Famously, Bacardi still uses the same La Levadura Bacardi yeast strain isolated by Don Facundo over 150 years ago. This fast-fermenting yeast produces a mash with few impurities and a high alcohol content. The fermentation process is the most important element of rum-making as all distillation essentially does is concentrate a selected part of what fermentation produces.
Bacardi uses a five-step propagation to increase yeast cell density sufficiently prior to the main fermentation. At Bacardi's 'Cathedral of Rum' distillery there are twenty 50,000 gallon fermentation tanks in which a carefully controlled fermentation process at below 38°C/100°F lasts a short 20-30 hours and produces a mash of 10 to 12 per cent alc./vol..
Don Facundo was the first person to distill two different distillates, Aguardiente and Redestilado, that were aged separately and then blended together to produce a balanced rum. In doing so, he created what has become known in rum-making as the 'Parallel Process'.
Bacardi continues to distill two different rum bases from two different mashes. 'Aguardiente' is a fruity, heavy-bodied rum with a high level of congeners and strong flavours made in a single continuous distillation in a copper and cast iron column still to 70-80% alc./vol..
'Redestilado' is a drier, lighter-bodied rum with fewer congeners and a subtler flavour. This is distilled through five separate continuous stainless steel columns to 92.5%-94.5% alc./vol.. These contrasting light and heavy rums are aged and blended to make Bacardi Superior rum.
The distillates produced at Cathedral of Rum in Puerto Rico are shipped in stainless steel tanks to Jacksonville, Florida for aging, blending and bottling.

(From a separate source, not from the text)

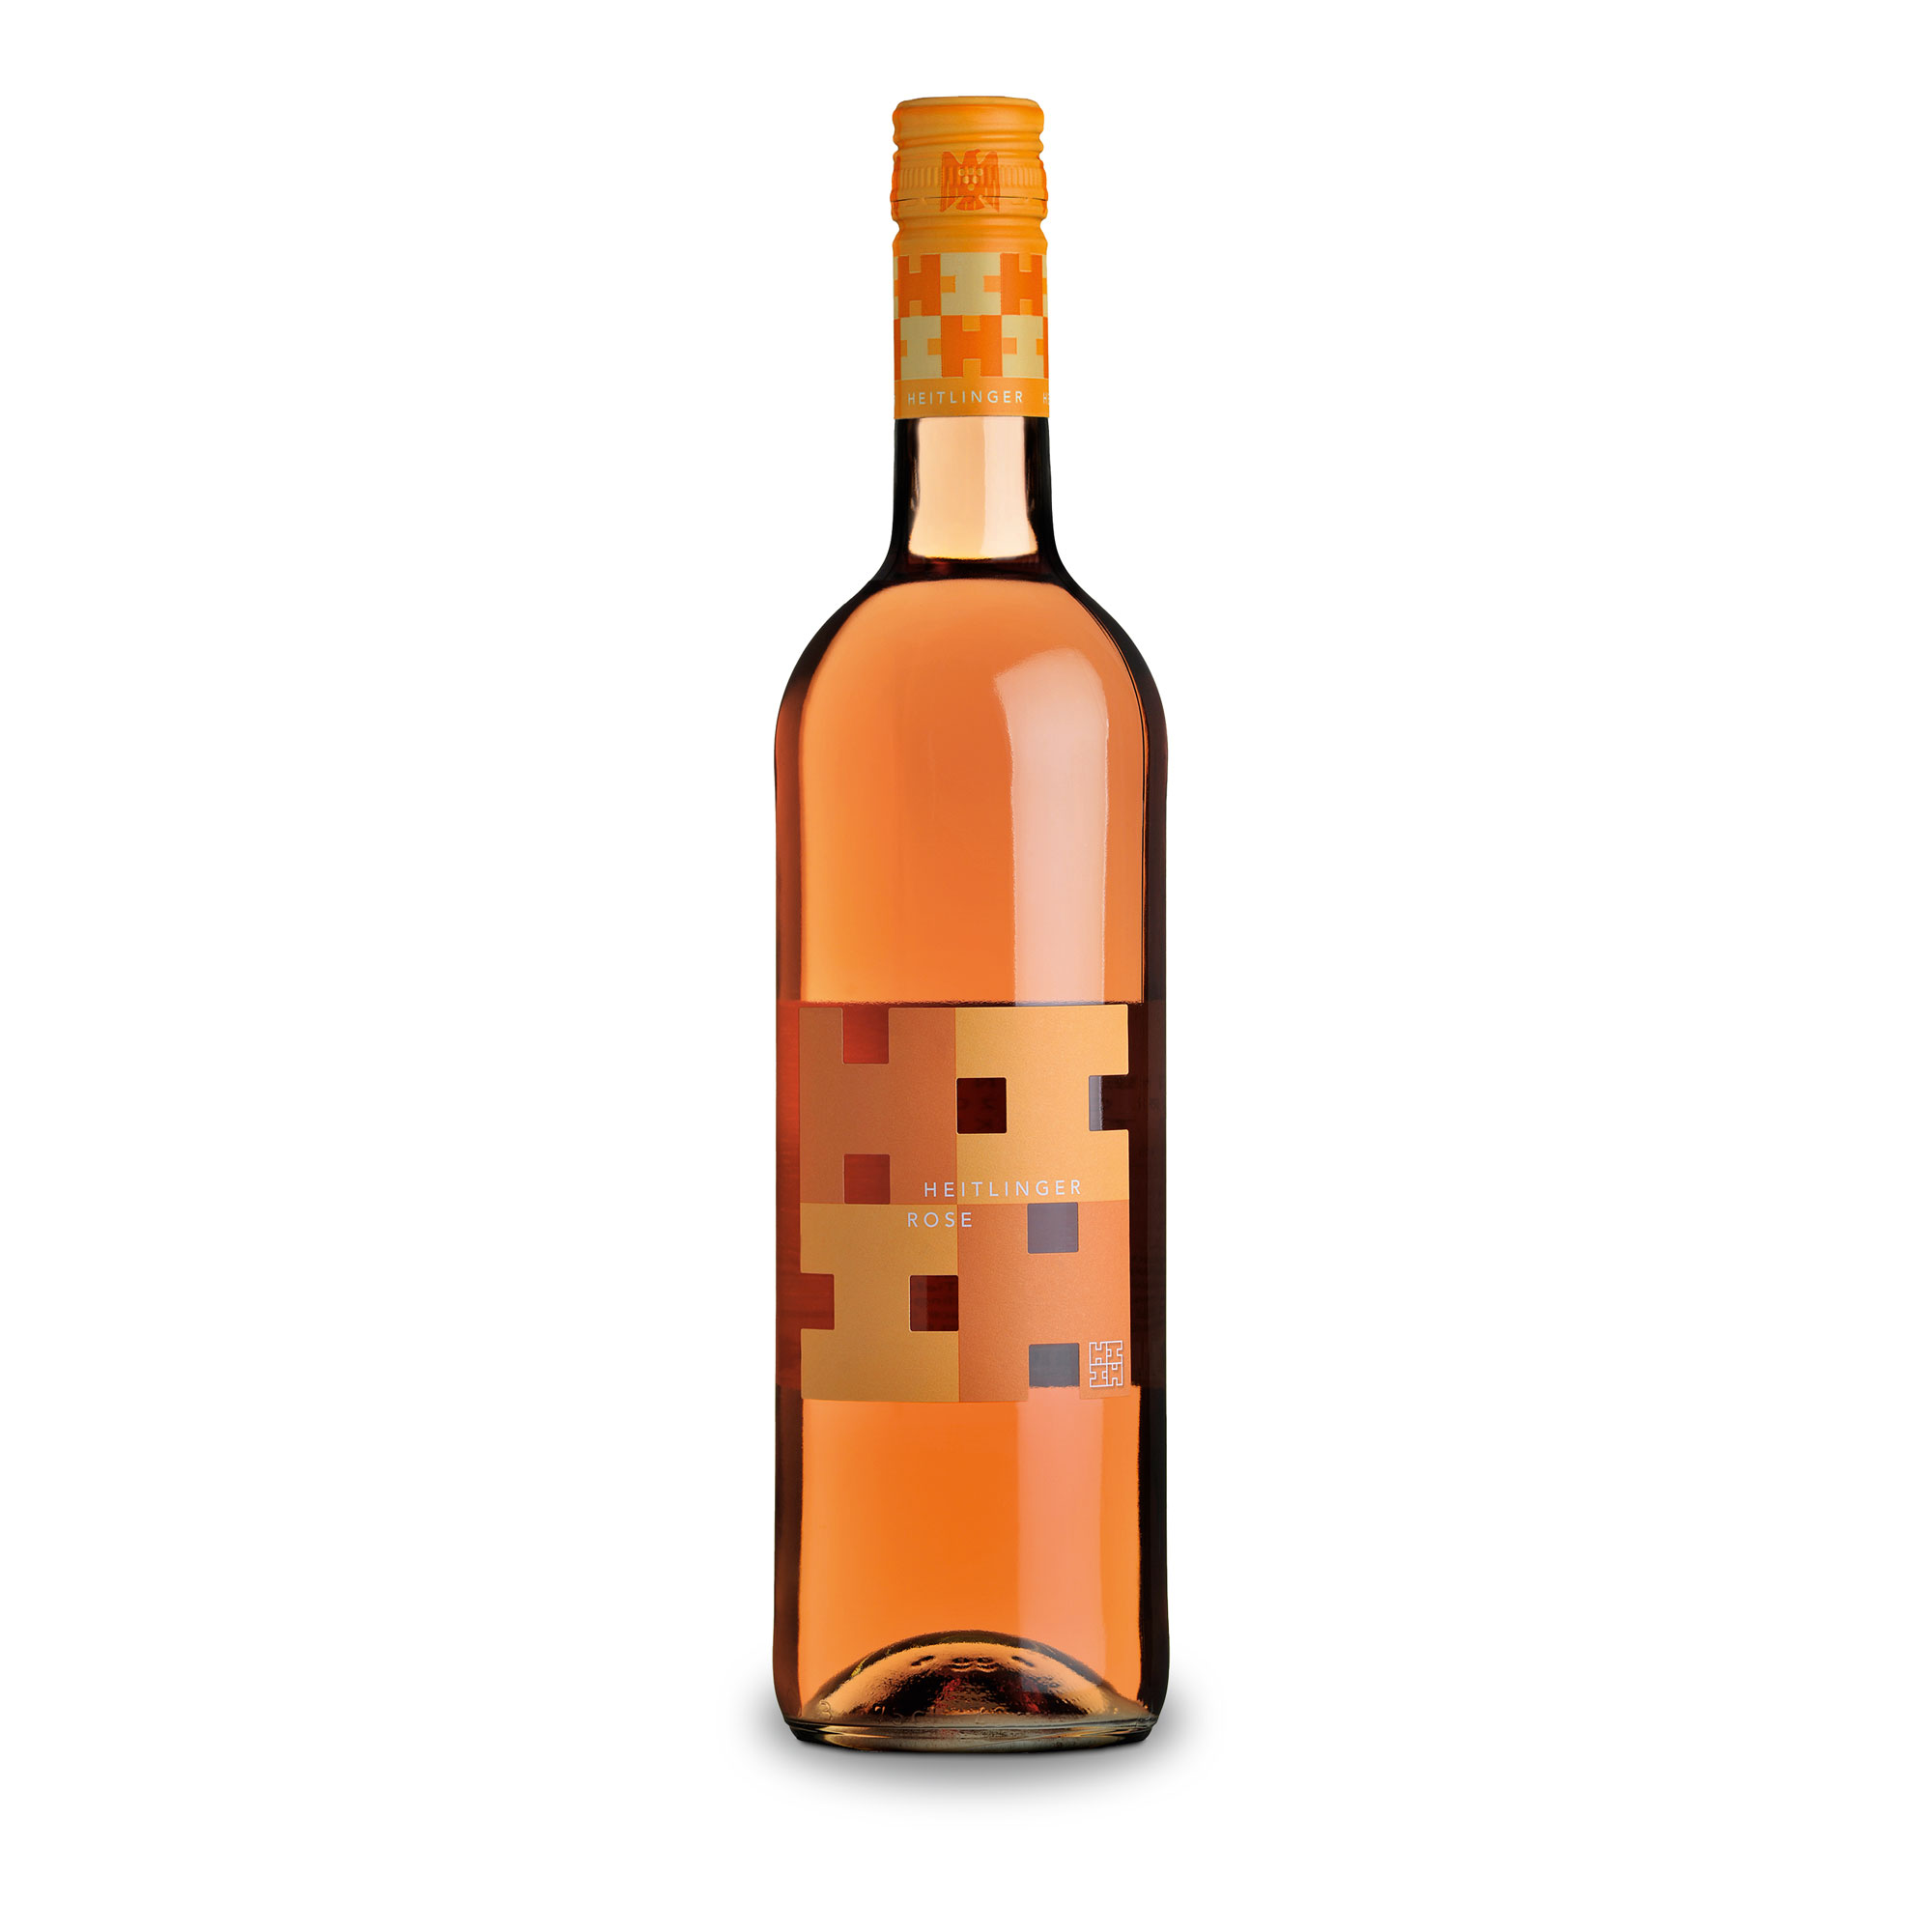 F.A.Z. Weinselection - Sechs Flaschen Rosé aus deutschen Weingebieten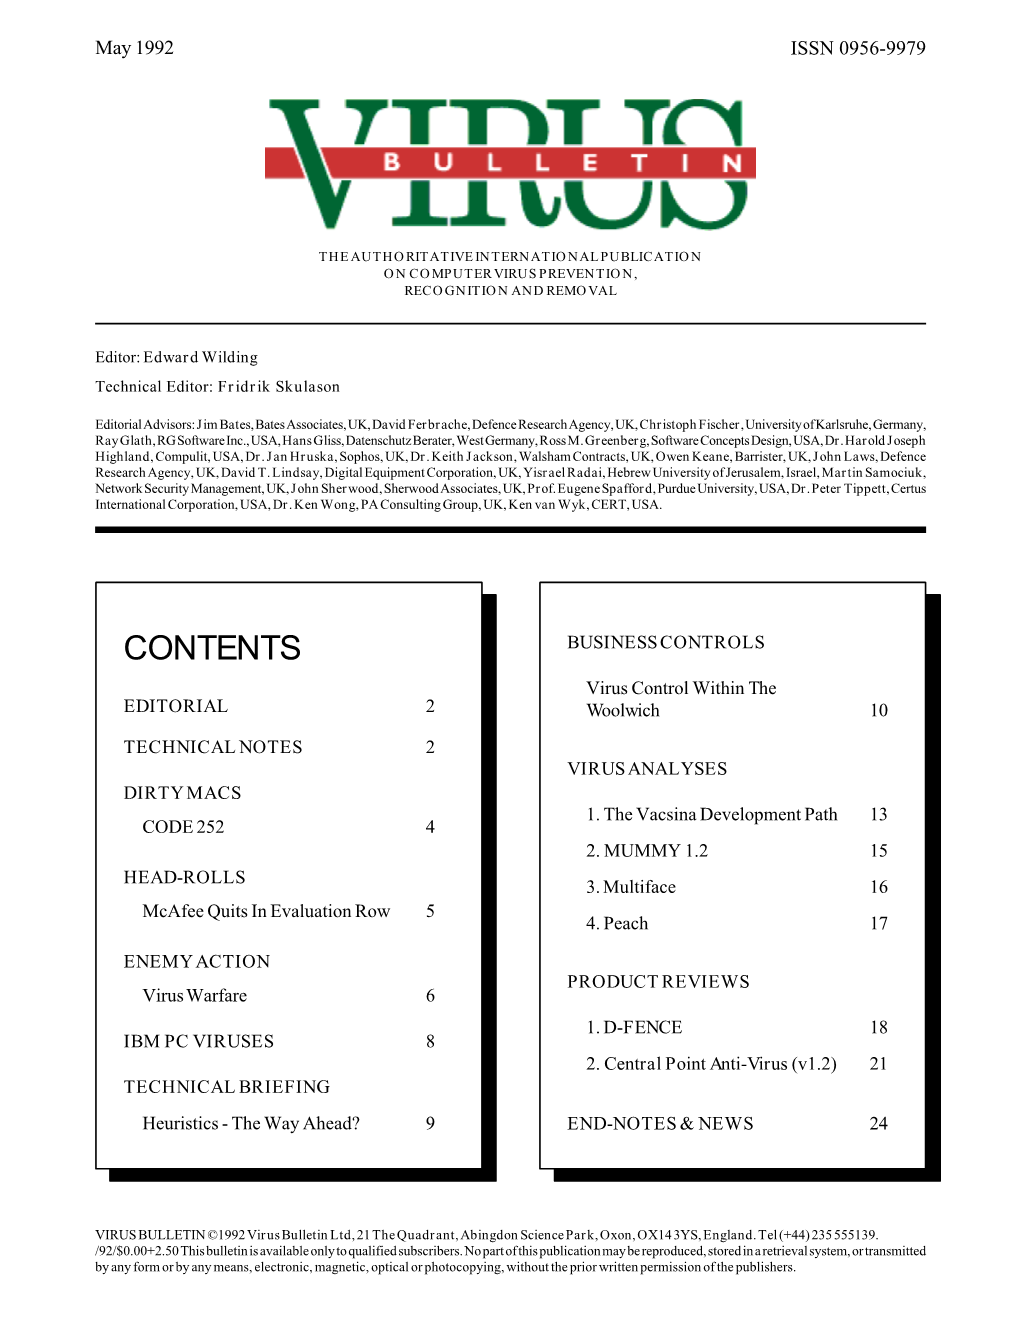 Virus Bulletin, May 1992

Bacardi Superior rum is blended only from rums aged for a minimum of one year and as long as two years, depending on the characteristics of the individual barrel. The Aguardiente and Redestilado rums are aged separately in lightly charred American white-oak ex-whiskey barrels (mostly ex-Jack Daniels barrels).
Prior to use, each barrel is thoroughly cleaned with boiling water to open the wood's pores and to wash away any unwanted whiskey flavours held in the wood. After washing, the inside of each barrel is scraped and recharged.
Bacardi uses barrels between six and seven times, meaning they typically last 16 years. During the aging process Bacardi loses between 7 and 10 per cent per year due to alcohol evaporation (the angel's share).
Don Facundo's quest to produce more elegant rums led him to experiment with filtration techniques. He found that natural charcoal was perfect for filtering harsh and undesirable components from his rum, making it smoother and more harmonious. The recipe for the charcoal, like the recipe for the rum itself, remains a carefully guarded secret but is known to be a mix of more than 13 types of tropical wood and coconut shell.
One of the specific charcoals, chosen for the flavour compounds that it removes from the rum, also has the side effect of removing the rum's colour. It is now common to find aged rums made clear by charcoal filtration but Bacardi Carta Blanca rum is the original aged and charcoal-filtered clear rum. Charcoal filtration is used at three key points in Bacardi Carta Blanca's production process: before and after aging the Aguardiente, and after aging the Redestilado (but not before).
Different recipes and sizes of charcoal particles are used, depending on which Bacardi rum is being produced. Fine grains are used for Carta Blanca and larger grains for more aged variants. Hence, while charcoal filtration strips the colour imparted by age in Carta Blanca, expressions such as Bacardi Ocho (8 year old) retain most of the colour drawn from the wood.